In [1]:
from bs4 import BeautifulSoup
import requests
import pandas as pd

# Codeup Blog Articles

## Visit Codeup's Blog and record the urls for at least 5 distinct blog posts. For each post, you should scrape at least the post's title and content.

- https://codeup.edu/featured/women-in-tech-panelist-spotlight/
- https://codeup.edu/featured/women-in-tech-rachel-robbins-mayhill/
- https://codeup.edu/codeup-news/women-in-tech-panelist-spotlight-sarah-mellor/
- https://codeup.edu/events/women-in-tech-madeleine/
- https://codeup.edu/codeup-news/panelist-spotlight-4/

## Encapsulate your work in a function named get_blog_articles that will return a list of dictionaries, with each dictionary representing one article. The shape of each dictionary should look like this:
```

{
    'title': 'the title of the article',
    'content': 'the full text content of the article'
}
```
### Plus any additional properties you think might be helpful.

In [2]:
def get_blog_articles(urls):
    articles_data = []
    
    headers = {
        'User-Agent': 'Mozilla/5.0 (Windows NT 10.0; Win64; x64) AppleWebKit/537.36 (KHTML, like Gecko) Chrome/58.0.3029.110 Safari/537.3'
    }
    
    for url in urls:
        response = requests.get(url, headers=headers)
        soup = BeautifulSoup(response.content, 'html.parser')
        
        title = soup.find('h1').text.strip()
        content = ' '.join([p.text.strip() for p in soup.find_all('p')])
        
        article = {
            'title': title,
            'content': content
        }
        articles_data.append(article)
    
    return articles_data

urls_to_scrape = [
    "https://codeup.edu/alumni-stories/how-i-paid-43-for-my-codeup-tuition/",
    "https://codeup.edu/featured/women-in-tech-panelist-spotlight/",
    "https://codeup.edu/featured/women-in-tech-rachel-robbins-mayhill/",
    "https://codeup.edu/codeup-news/women-in-tech-panelist-spotlight-sarah-mellor/",
    "https://codeup.edu/events/women-in-tech-madeleine/",
    "https://codeup.edu/codeup-news/panelist-spotlight-4/",
]


articles_data = get_blog_articles(urls_to_scrape)

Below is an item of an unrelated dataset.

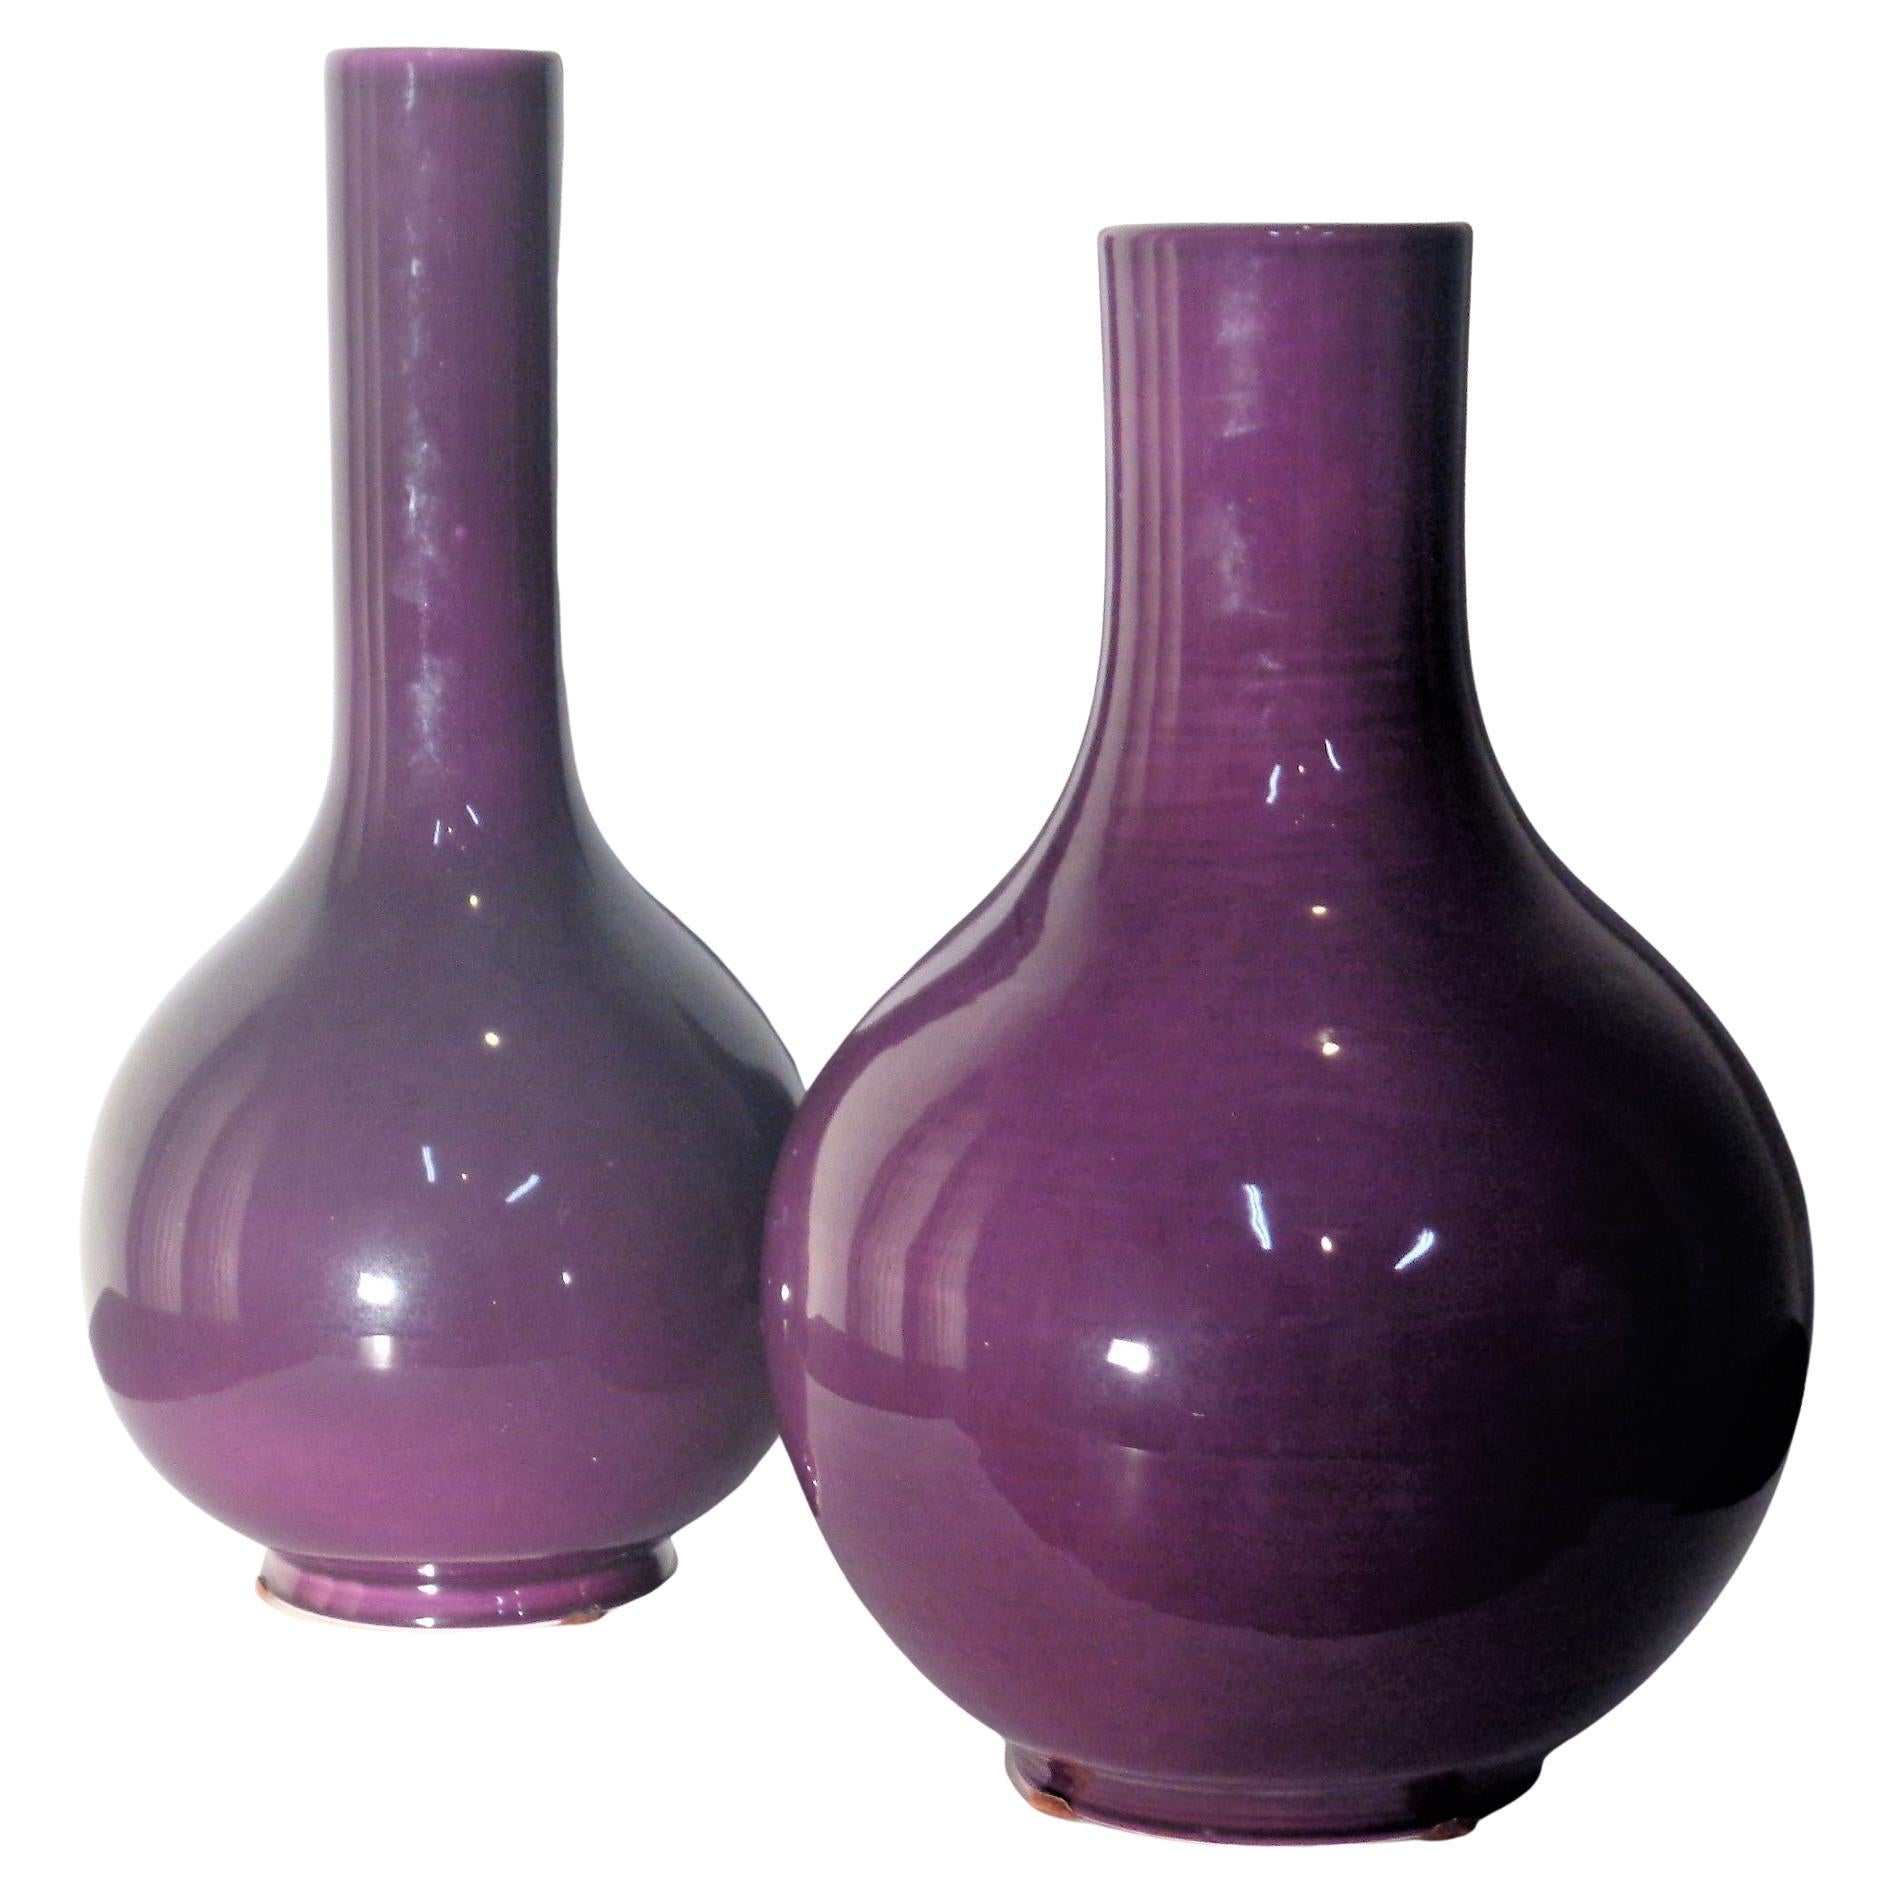 Two large high glazed plum purple porcelain vases in the classic Ming style with gold foil labels on underside - A Nora Fenton Import, Made in Italy. Great quality beautiful decorative items. Circa 1970's-1980's. Taller vase measures - 18 1/2

for idx, article in enumerate(articles_data, start=1):
    print(f"Article {idx}")
    print(article)
    print()


Article 1

Article 2
{'title': 'Women in tech: Panelist Spotlight – Magdalena Rahn', 'content': 'Mar 28, 2023 | Events, Featured Codeup is hosting a Women in Tech Panel in honor of Women’s History Month on March 29th, 2023! To further celebrate, we’d like to spotlight each of our panelists leading up to the discussion to learn a bit about their respective experiences as women in the tech industry!  Meet Magdalena! Magdalena Rahn is a current Codeup student in a Data Science cohort in San Antonio, Texas. She has a professional background in cross-cultural communications, international business development, the wine industry and journalism. After serving in the US Navy, she decided to complement her professional skill set by attending the Data Science program at Codeup; she is set to graduate in March 2023. Magdalena is fluent in French, Bulgarian, Chinese-Mandarin, Spanish and Italian. We asked Magdalena how Codeup impacted her career, and she replied “Codeup has provided a solid founda

# News Articles

## We will now be scraping text data from inshorts, a website that provides a brief overview of many different topics.

## Write a function that scrapes the news articles for the following topics:
```
Business
Sports
Technology
Entertainment
```

In [3]:
def scrape_articles(urls):
    articles_data = []
    
    headers = {
        'User-Agent': 'Mozilla/5.0 (Windows NT 10.0; Win64; x64) AppleWebKit/537.36 (KHTML, like Gecko) Chrome/58.0.3029.110 Safari/537.3'
    }
    
    for url in urls:
        response = requests.get(url, headers=headers)
        soup = BeautifulSoup(response.content, 'html.parser')
        
        
        
        title_element = soup.find('span', itemprop='headline')
        if title_element:
            title = title_element.text.strip()
        else:
            title = "Title not found"
        content = soup.find(itemprop="articleBody")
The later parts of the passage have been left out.